Of the lines below, write out exactly those from the line with "16-Flying-Paper-Final-0-00-03-22-0-00-00-00-slider" through the line with "Appartement 1 Chambre", both included, and skip the rest.

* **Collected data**
• • • •
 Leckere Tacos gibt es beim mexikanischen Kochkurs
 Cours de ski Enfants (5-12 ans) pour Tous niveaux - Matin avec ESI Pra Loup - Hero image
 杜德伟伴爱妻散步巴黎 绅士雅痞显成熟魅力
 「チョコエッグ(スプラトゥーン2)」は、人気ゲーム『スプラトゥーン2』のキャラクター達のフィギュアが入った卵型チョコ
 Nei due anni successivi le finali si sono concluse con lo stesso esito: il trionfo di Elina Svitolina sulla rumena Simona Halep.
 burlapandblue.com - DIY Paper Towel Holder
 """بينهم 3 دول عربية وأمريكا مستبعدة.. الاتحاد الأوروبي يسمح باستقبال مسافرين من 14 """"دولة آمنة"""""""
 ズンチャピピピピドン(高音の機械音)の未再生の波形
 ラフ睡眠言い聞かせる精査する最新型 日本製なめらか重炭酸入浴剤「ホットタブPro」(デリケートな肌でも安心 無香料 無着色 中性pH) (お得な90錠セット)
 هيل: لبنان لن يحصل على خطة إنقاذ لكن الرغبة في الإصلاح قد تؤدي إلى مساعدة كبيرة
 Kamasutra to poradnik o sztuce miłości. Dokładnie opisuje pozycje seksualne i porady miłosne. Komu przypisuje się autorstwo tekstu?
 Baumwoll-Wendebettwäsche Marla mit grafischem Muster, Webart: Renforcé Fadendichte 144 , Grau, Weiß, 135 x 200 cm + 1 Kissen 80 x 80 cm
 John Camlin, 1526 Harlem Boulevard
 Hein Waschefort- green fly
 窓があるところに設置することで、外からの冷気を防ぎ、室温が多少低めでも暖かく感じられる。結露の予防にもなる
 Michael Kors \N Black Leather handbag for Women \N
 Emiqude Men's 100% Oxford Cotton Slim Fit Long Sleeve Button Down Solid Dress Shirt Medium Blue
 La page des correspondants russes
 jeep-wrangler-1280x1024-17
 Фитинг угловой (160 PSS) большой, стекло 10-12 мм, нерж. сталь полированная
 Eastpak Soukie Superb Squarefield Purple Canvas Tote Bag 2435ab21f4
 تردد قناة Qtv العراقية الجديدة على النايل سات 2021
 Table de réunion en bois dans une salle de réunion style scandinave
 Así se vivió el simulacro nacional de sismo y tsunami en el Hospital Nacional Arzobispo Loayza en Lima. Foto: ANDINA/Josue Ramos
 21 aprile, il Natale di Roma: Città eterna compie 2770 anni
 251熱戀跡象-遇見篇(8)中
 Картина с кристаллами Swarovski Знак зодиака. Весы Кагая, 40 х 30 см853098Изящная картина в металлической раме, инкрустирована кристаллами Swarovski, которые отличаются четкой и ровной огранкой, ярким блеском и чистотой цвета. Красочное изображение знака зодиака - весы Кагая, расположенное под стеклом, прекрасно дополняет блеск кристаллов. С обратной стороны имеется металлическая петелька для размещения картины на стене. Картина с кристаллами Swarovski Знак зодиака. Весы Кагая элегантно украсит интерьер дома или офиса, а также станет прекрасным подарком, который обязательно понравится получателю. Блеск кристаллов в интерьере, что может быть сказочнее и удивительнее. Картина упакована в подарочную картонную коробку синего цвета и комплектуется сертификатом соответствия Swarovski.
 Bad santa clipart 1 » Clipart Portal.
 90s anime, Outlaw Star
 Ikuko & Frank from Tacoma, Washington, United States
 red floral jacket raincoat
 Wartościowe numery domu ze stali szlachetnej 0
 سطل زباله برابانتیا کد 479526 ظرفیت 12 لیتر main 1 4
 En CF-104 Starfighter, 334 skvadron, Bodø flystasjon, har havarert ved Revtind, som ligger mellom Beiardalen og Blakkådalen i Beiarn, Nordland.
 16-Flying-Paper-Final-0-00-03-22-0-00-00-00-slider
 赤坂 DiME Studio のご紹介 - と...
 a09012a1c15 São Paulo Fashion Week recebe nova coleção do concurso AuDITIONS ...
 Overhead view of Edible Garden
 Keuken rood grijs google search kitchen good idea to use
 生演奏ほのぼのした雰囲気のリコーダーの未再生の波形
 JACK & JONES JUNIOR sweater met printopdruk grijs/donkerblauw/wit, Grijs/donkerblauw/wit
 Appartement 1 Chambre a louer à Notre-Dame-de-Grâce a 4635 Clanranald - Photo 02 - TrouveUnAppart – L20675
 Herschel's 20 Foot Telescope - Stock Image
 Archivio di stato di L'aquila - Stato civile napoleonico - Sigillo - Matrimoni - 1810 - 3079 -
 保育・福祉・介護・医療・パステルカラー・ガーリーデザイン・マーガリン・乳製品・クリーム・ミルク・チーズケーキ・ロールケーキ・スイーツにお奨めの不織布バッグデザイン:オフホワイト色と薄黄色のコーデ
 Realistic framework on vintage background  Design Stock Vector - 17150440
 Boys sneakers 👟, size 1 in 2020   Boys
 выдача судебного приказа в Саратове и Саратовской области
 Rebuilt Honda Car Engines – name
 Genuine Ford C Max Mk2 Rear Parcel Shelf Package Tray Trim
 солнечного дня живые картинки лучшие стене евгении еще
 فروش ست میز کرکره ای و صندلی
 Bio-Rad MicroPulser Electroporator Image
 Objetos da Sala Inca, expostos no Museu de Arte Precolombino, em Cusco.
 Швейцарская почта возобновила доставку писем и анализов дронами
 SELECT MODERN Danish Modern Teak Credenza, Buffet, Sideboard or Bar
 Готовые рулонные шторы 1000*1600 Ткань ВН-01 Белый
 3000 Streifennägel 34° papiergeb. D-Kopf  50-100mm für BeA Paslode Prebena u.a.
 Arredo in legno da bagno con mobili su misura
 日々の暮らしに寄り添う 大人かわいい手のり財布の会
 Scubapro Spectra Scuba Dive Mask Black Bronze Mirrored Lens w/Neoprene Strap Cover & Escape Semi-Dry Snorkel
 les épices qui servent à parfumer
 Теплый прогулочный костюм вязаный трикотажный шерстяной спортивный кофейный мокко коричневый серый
• • • •
* **Answer area**
 16-Flying-Paper-Final-0-00-03-22-0-00-00-00-slider
 赤坂 DiME Studio のご紹介 - と...
 a09012a1c15 São Paulo Fashion Week recebe nova coleção do concurso AuDITIONS ...
 Overhead view of Edible Garden
 Keuken rood grijs google search kitchen good idea to use
 生演奏ほのぼのした雰囲気のリコーダーの未再生の波形
 JACK & JONES JUNIOR sweater met printopdruk grijs/donkerblauw/wit, Grijs/donkerblauw/wit
 Appartement 1 Chambre a louer à Notre-Dame-de-Grâce a 4635 Clanranald - Photo 02 - TrouveUnAppart – L20675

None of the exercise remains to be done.